Владимира Грамматикова знают и любят и как актера, и как режиссера

Свой дом Грамматиков построил недалеко от Николиной Горы, бывшего поселка РАНИС, одного из стародачных подмосковных мест, где изначально жили работники науки и искусства.

— Владимир Александрович, что для вас значит Николина Гора?

— На Николиной у меня прошли и детство, и юность. Первый раз я туда попал лет в 12. Меня пригласил в гости Никита Михалков. А потом у нас была там госдача в «Лесных далях». И вся юность, самое сладкое время, зарождения чувств, романы все первые были там. Кстати, и со своей женой, Наташей я познакомился там. У Наташи папа был народный художник Жуков. Он рисовал вождей и детей. Почему-то так сложилось, что своей дачи у них не было. И они всю жизнь снимали. Так что она тоже, можно сказать, никологорская.
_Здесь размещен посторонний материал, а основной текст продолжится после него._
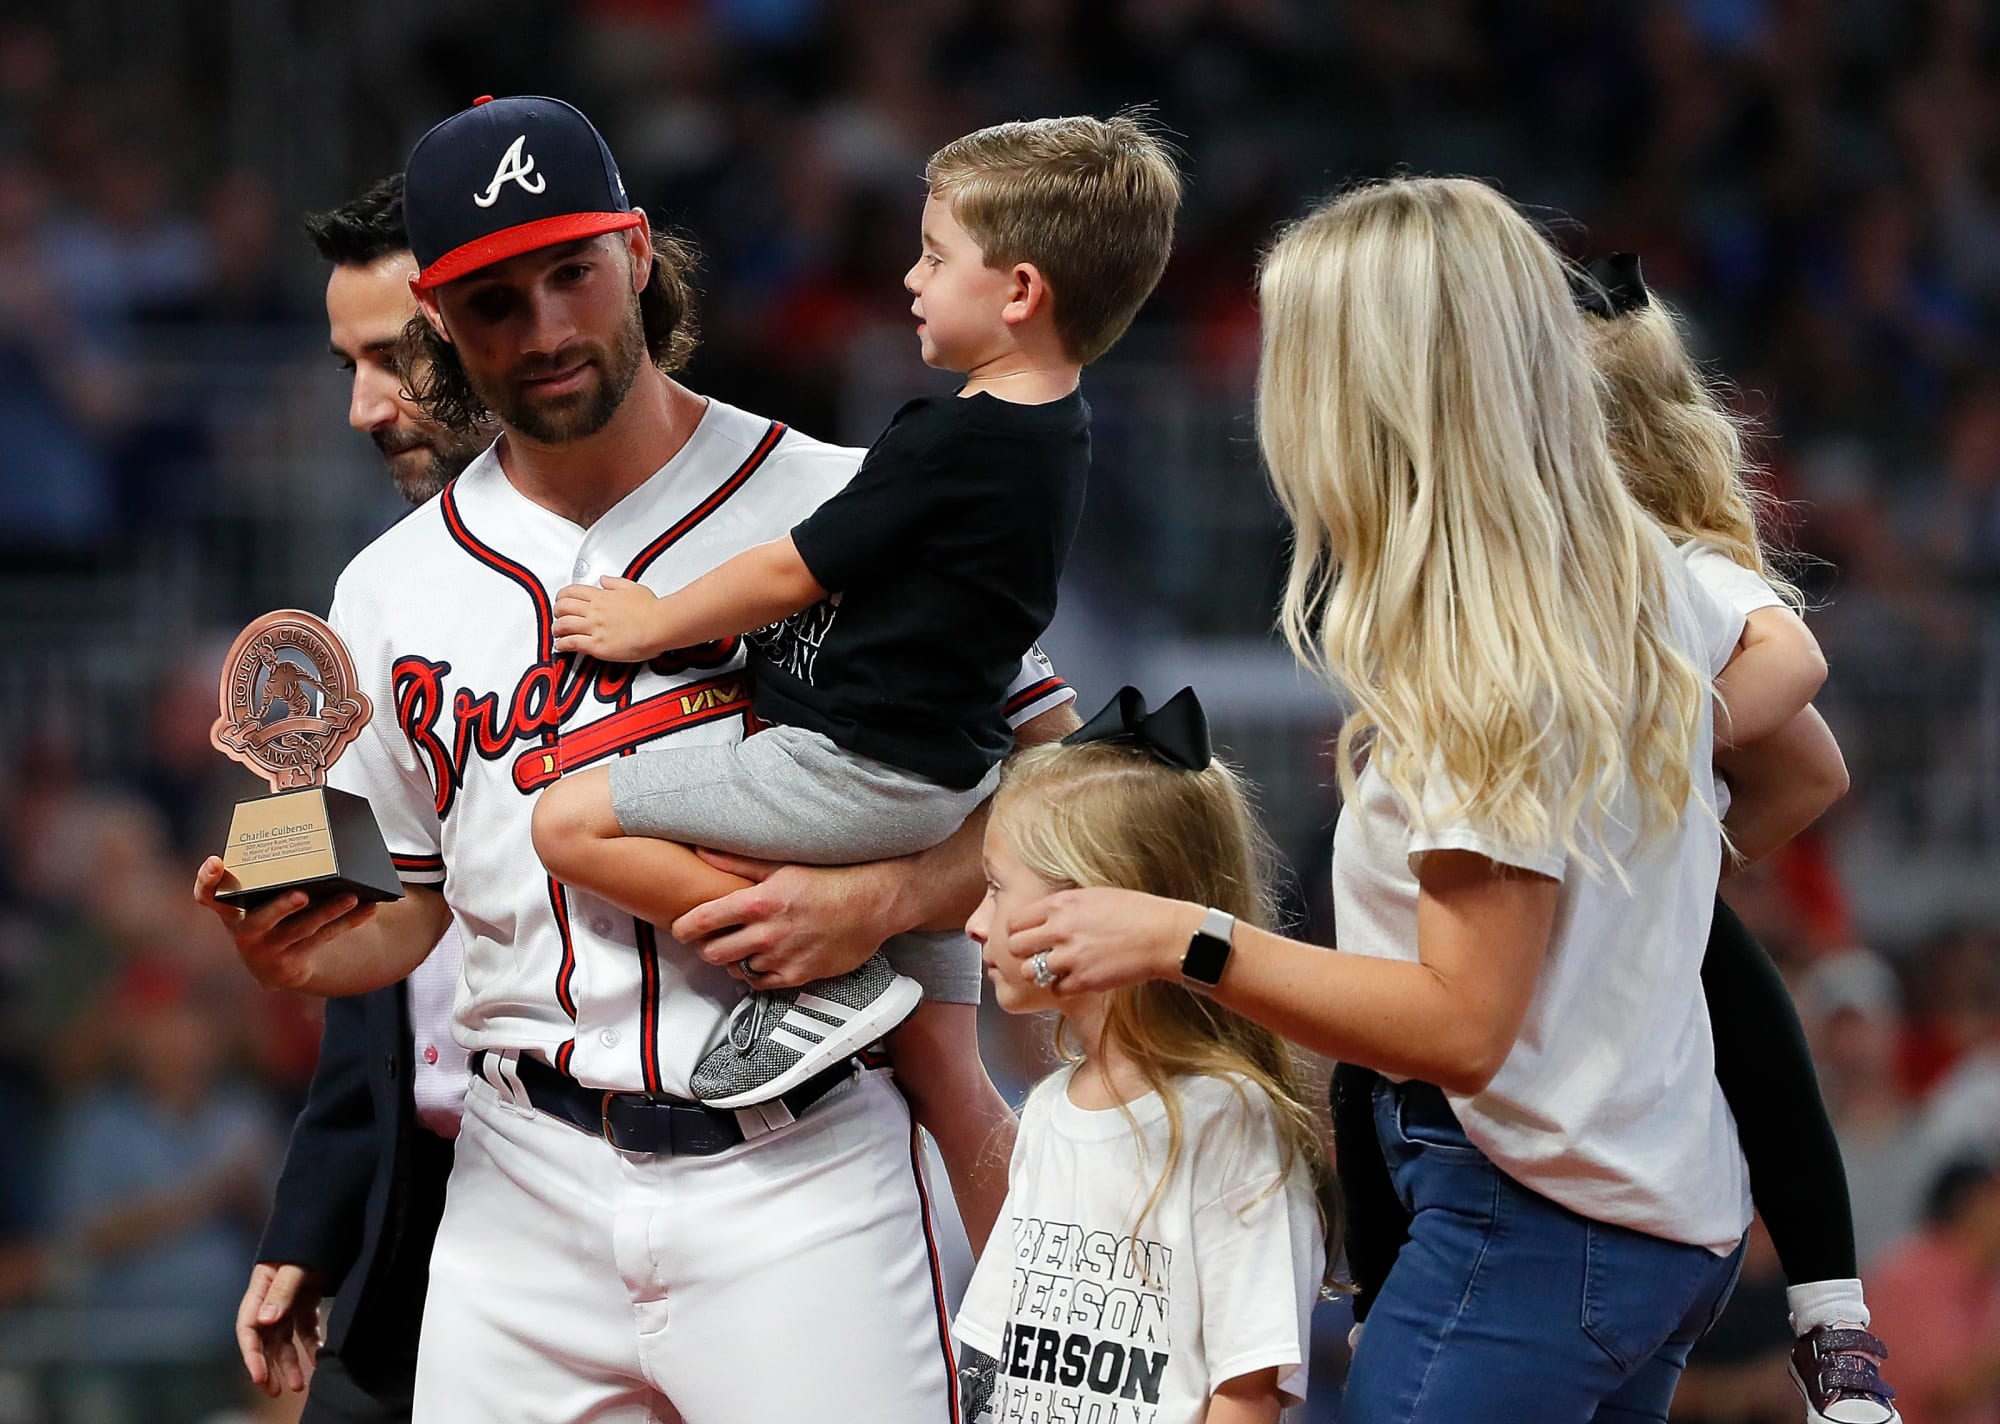 Charlie Culberson - 2019 FULL Highlights

— Кто еще был в вашей компании?

— Шашковы — это был министр речного и морского флота, семья Преображенских — Алеша Кравченко знаменитый художник-график и Йола Преображенская, к сожалению, недавно ушла из жизни. До последнего времени — удивляюсь, как ей хватало и сил и желания, — она делала Никологорские вечера — приглашала музыкантов, мы все у нее собирались, там были и послы, и атташе по культуре, у них огромный участок на берегу у Черного оврага… Потом была Катя Маскатова, наша общая любовь с Никитой, мы все поделить ее никак не могли.

— У вас были какие-то любимые места, любимое времяпрепровождение?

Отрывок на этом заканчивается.